[[ Data provided open ]]
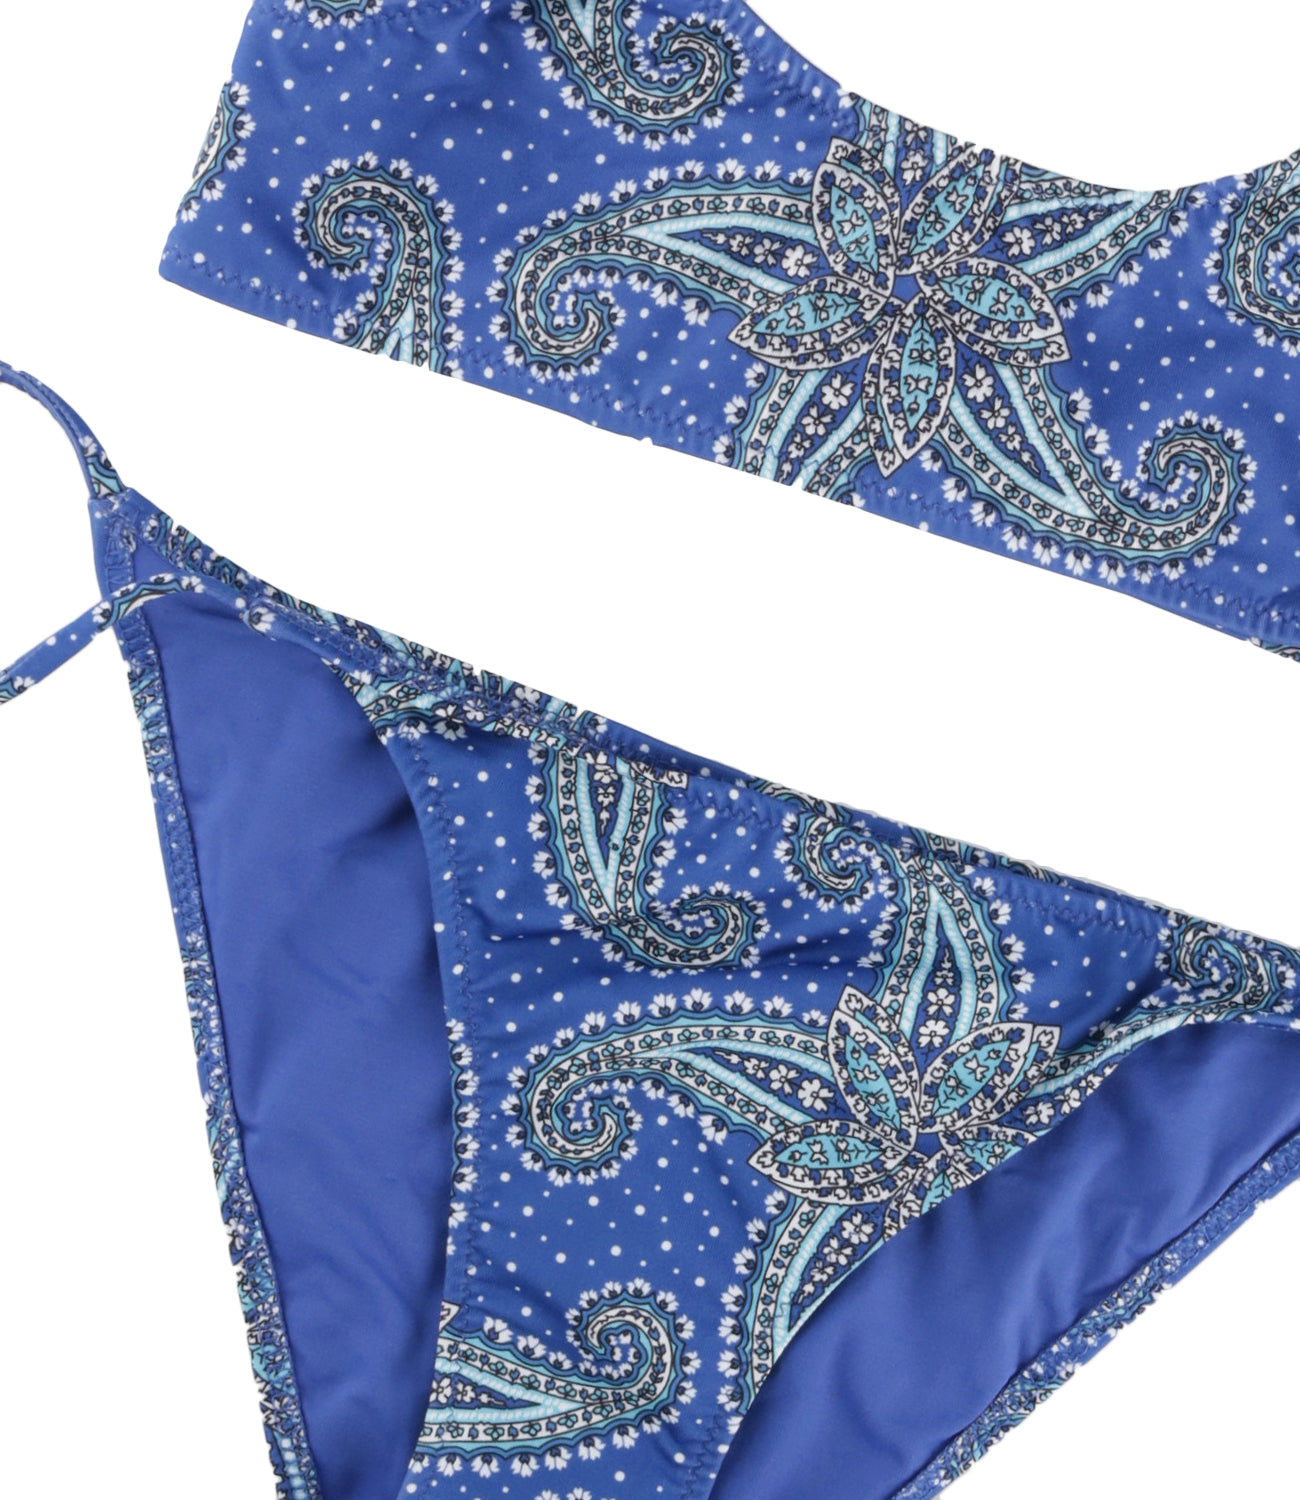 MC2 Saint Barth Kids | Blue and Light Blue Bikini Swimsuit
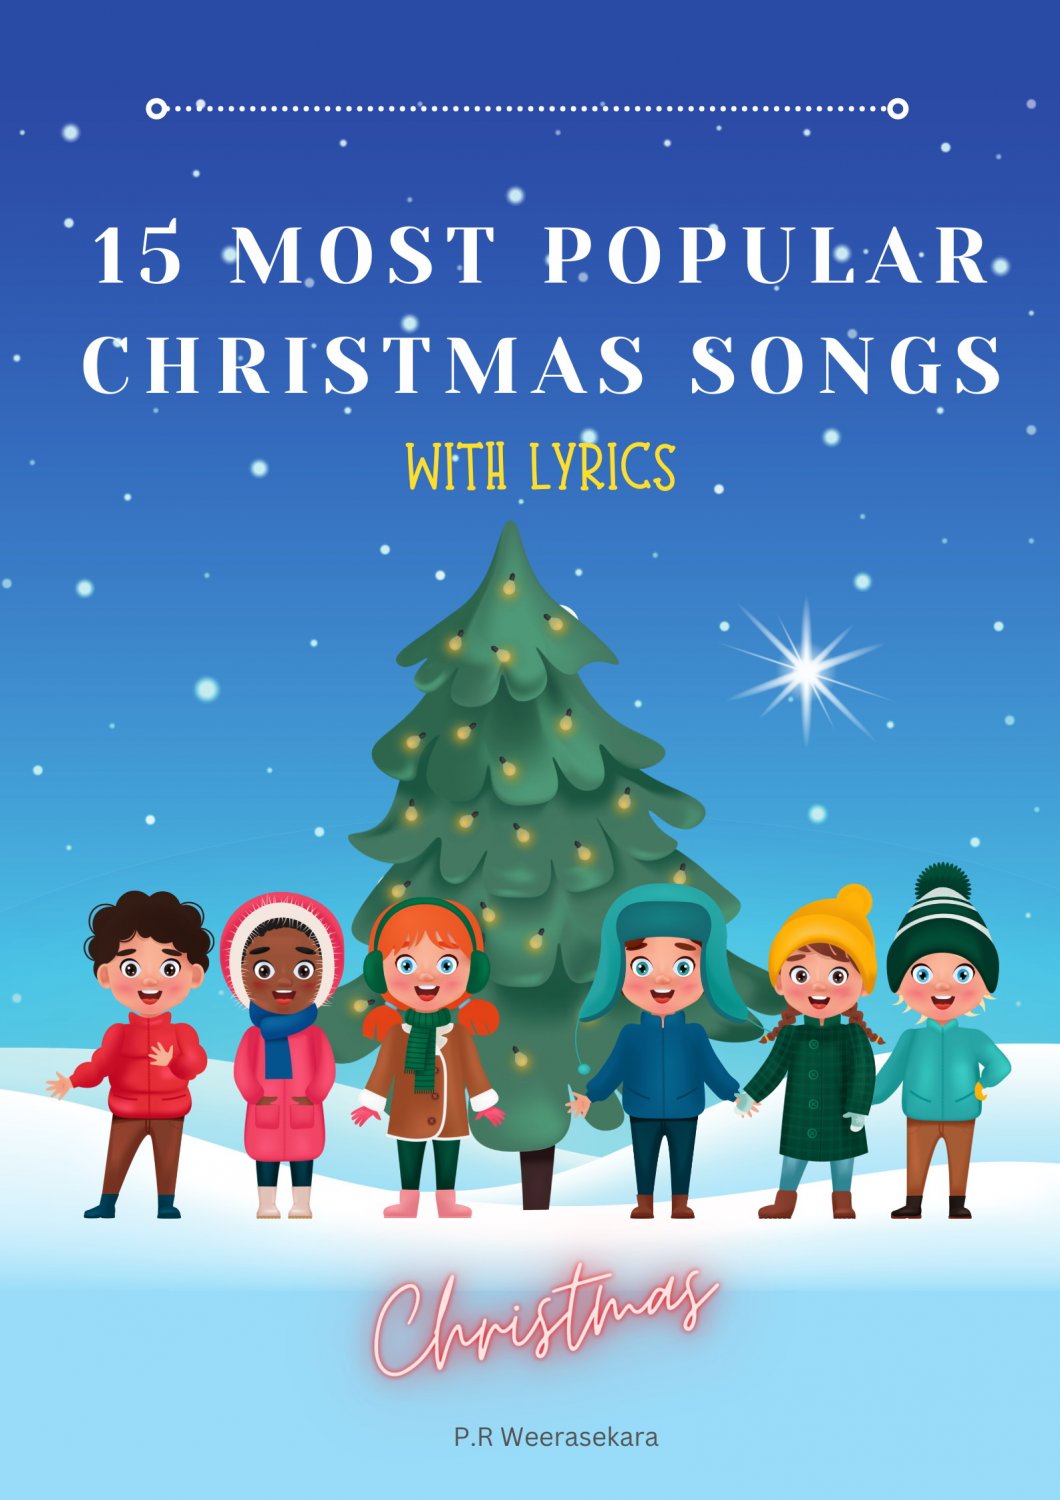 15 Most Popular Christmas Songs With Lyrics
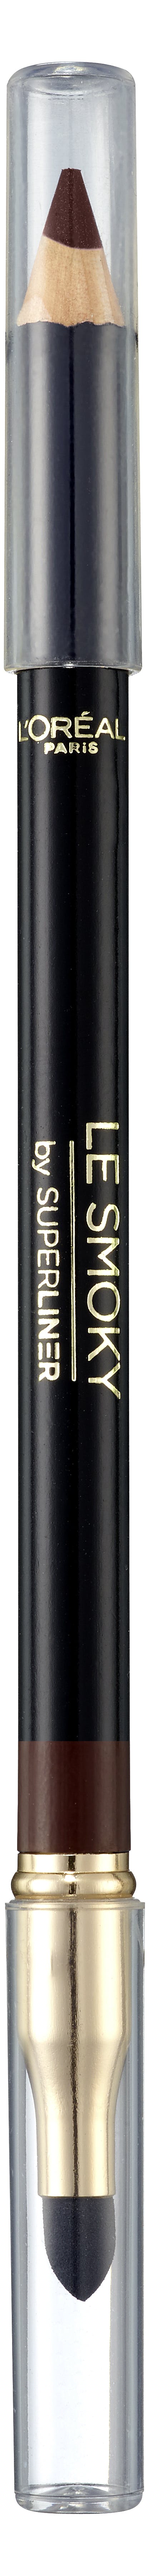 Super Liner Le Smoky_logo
[[ Data provided closed ]]
Your assignment
Give an exact copy of the data, and omit any pictures it holds.

Response for this exercise
 MC2 Saint Barth Kids | Blue and Light Blue Bikini Swimsuit
 15 Most Popular Christmas Songs With Lyrics
 Super Liner Le Smoky_logo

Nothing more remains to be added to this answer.